Beijing’s list of triumphs is getting endless - fastest train, biggest dam, sustaining an average economic growth rate of more than 9% over the past two decades, three manned space flights, building a railway across the Tibetan plateau, the 2008 Beijing Olympics and this year's mammoth Shanghai World Expo. The world is watching as China plans more marvels in the near future.
China on Tuesday unveiled what it described as the world's fastest bullet train, which will connect two of the country's industrial hubs travelling at an average speed of 350 km per hour. The rail link between Shanghai and Hangzhou, the latest addition to China's fast-expanding high-speed rail network that is already the world's largest, covers the 200-km distance in only 45 minutes, reducing the travelling time from 78 minutes.

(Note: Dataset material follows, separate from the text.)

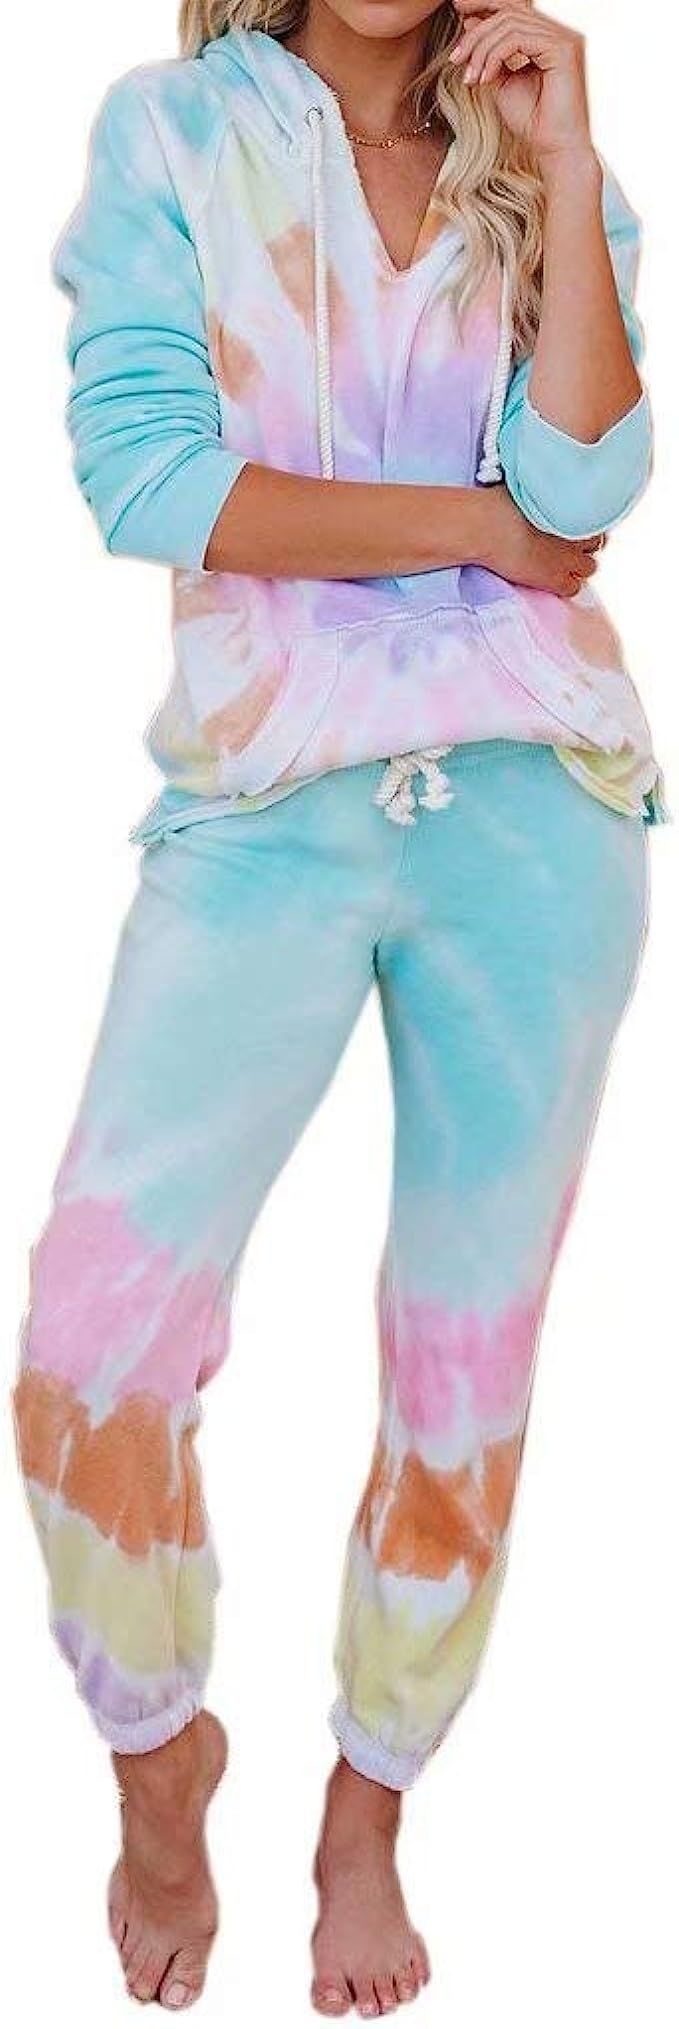 LACOZY Women's Tie Dye Printed Hoodie Long Sleeve Tops and Pants Long Pajamas Set Joggers PJ Sets... | Amazon (US)

The home-built CRH380 bullet train has been recorded travelling at 420 km per hour, a world record. It will, however, travel between the two cities at less than full tilt, at an average speed of 350 km per hour. China's high-speed rail network now stretches over 7,431 km. The government plans to expand the network to over 16,000 km by 2020. Investment in the high-speed rail network has gathered pace since the first line, connecting Beijing with the port city Tianjin, opened in 2008. Following the $586-billion stimulus plan that was announced in November 2008, spending on infrastructure projects has increased substantially. China is investing an estimated $300 billion on its high-speed rail network. The investment has divided opinion — some planners have cautioned that local governments will struggle to recoup the investment. Others have argued the rail network will spur economic development by boosting connectivity. “The operation of the Shanghai-Hangzhou high-speed rail line will help alleviate traffic pressure in the Yangtze River Delta region”, which is in China's manufacturing heartland, said Liu Zhijun of the Minister of Railways. The Ministry forecasts that passengers will make more than three billion trips in and out of the Yangtze delta in 2010, spurring development. China has also begun work on a 1,318-km high-speed rail line linking the country's two most important cities — Beijing and Shanghai. The $33-billion line will open in 2012, reducing the travel time between the capital and the financial centre in half, to just five hours.